** Opening SUPPLIED DATA block **

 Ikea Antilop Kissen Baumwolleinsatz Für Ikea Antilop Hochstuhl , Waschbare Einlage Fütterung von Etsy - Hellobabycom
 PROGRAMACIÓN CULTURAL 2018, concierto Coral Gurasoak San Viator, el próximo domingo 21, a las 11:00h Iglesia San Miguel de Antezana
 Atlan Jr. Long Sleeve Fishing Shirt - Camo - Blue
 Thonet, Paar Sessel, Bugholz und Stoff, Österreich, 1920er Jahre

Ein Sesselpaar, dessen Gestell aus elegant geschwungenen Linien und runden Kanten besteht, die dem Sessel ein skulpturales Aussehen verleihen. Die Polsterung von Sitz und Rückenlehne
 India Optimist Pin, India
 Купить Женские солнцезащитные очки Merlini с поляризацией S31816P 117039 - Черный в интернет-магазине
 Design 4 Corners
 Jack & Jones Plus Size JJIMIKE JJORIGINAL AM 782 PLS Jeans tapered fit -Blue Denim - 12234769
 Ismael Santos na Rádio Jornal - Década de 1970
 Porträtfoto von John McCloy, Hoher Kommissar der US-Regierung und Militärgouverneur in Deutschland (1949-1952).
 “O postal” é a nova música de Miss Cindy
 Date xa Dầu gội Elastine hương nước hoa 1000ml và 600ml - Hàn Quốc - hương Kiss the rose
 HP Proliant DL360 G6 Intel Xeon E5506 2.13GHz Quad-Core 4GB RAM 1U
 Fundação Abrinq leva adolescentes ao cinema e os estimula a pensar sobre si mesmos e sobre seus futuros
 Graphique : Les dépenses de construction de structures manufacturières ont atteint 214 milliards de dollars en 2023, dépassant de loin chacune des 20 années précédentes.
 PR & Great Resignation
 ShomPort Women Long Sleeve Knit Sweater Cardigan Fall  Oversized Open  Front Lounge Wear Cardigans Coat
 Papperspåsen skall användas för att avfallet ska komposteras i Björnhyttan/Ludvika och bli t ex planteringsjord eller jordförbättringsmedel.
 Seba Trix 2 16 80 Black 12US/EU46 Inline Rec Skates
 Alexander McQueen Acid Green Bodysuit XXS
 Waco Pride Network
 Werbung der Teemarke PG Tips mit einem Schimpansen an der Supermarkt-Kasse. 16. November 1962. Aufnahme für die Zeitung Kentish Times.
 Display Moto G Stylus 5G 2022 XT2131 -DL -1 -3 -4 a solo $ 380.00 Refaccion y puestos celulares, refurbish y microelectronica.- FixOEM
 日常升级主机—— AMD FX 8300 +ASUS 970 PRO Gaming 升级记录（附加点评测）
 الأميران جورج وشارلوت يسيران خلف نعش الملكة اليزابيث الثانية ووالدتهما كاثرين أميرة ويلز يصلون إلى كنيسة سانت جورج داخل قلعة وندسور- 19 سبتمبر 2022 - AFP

** Closing SUPPLIED DATA block **

◆ **WORK INSTRUCTIONS**:
When a line contains the string "Blue", copy it from the records.

◆ **TASK ANSWER**:
 Atlan Jr. Long Sleeve Fishing Shirt - Camo - Blue
 Jack & Jones Plus Size JJIMIKE JJORIGINAL AM 782 PLS Jeans tapered fit -Blue Denim - 12234769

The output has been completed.